Foram os fundadores da arte acadêmica como estilo no Brasil, uma arte
cultivada pelo estado e organizada dentro de linhas metodológicas
rígidas, com temáticas próprias, modelos formais próprios, exames de
aptidão e sistema de premiações, e boa parcela de censura a
originalidades suspeitas de romper os cânones consagrados; tal
organização chocava o hábito de séculos, pois até ali a Igreja havia
sido o grande mecenas, e suas orientações eram diferentes. Desdenhada
por uns, aplaudida por outros, sem sombra de dúvida a arte acadêmica,
que floriu imensamente da segunda metade do século XIX até o início do
seguinte, herdeira direta dos franceses repudiados e de seu sistema, foi
o veículo formal de boa parte dos mais vigorosos monumentos da história
da arte nacional de todos os tempos.
Foram os franceses os qualificados professores da primeira geração de
artistas nacionais educados em escola pública, segundo um sistema
profissionalizante inédito, e estes formaram muitos outros de grande
valor segundo os mesmos princípios. Basta dar um lance de olhos na
listagem de artistas formados pela Academia nas décadas seguintes que se
verá uma pletora de mestres: Victor Meirelles, Almeida Júnior, Rodolfo
Amoedo, Henrique Bernardelli, Pedro Américo, Eliseu Visconti, Artur
Timóteo da Costa, Belmiro de Almeida, e tantos outros, que conseguiram,
graças à sólida formação recebida na escola, retratar o Brasil em grande
estilo, chegando a criar obras que se tornaram ícones nacionais.

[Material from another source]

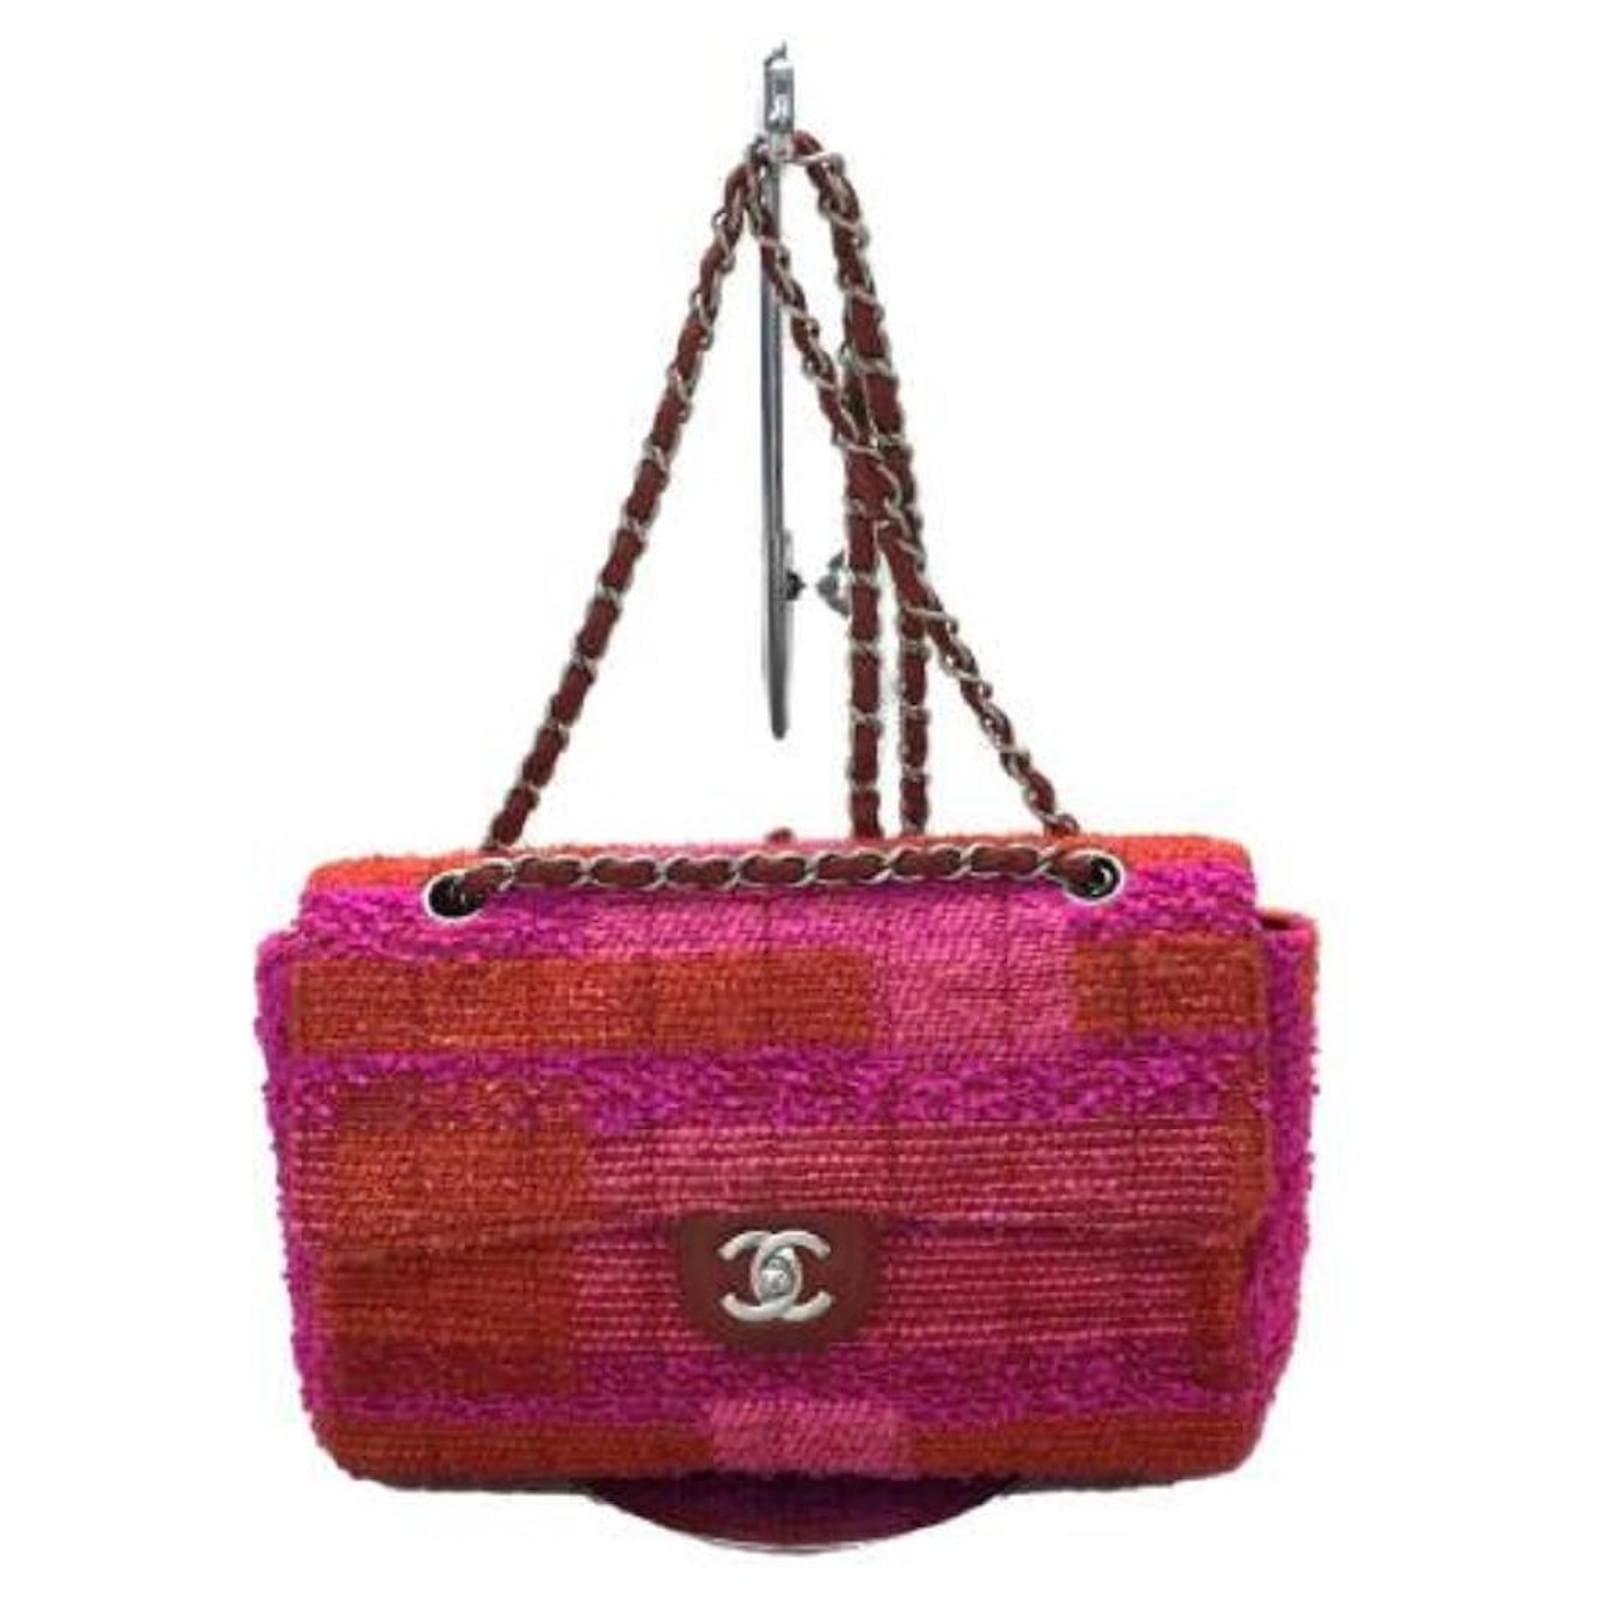 Used] CHANEL Shoulder bag / handbag / bag / tweed / red / pink

Tal atividade intensa atraiu a presença no pais de mais bom número de
outros estrangeiros, como Georg Grimm, Castagneto, François-René
Moreau, Eduardo de Martino, que deram sua contribuição adicional à
cultura do Brasil. Essa tradição só se interrompeu com a absorção da
Academia, depois Escola Nacional de Belas Artes, pela atual Universidade
Federal do Rio de Janeiro, exatamente quando o Modernismo aparecia com
força na cena encerrando um grande ciclo cultural e a República
reorganizava o sistema de ensino superior.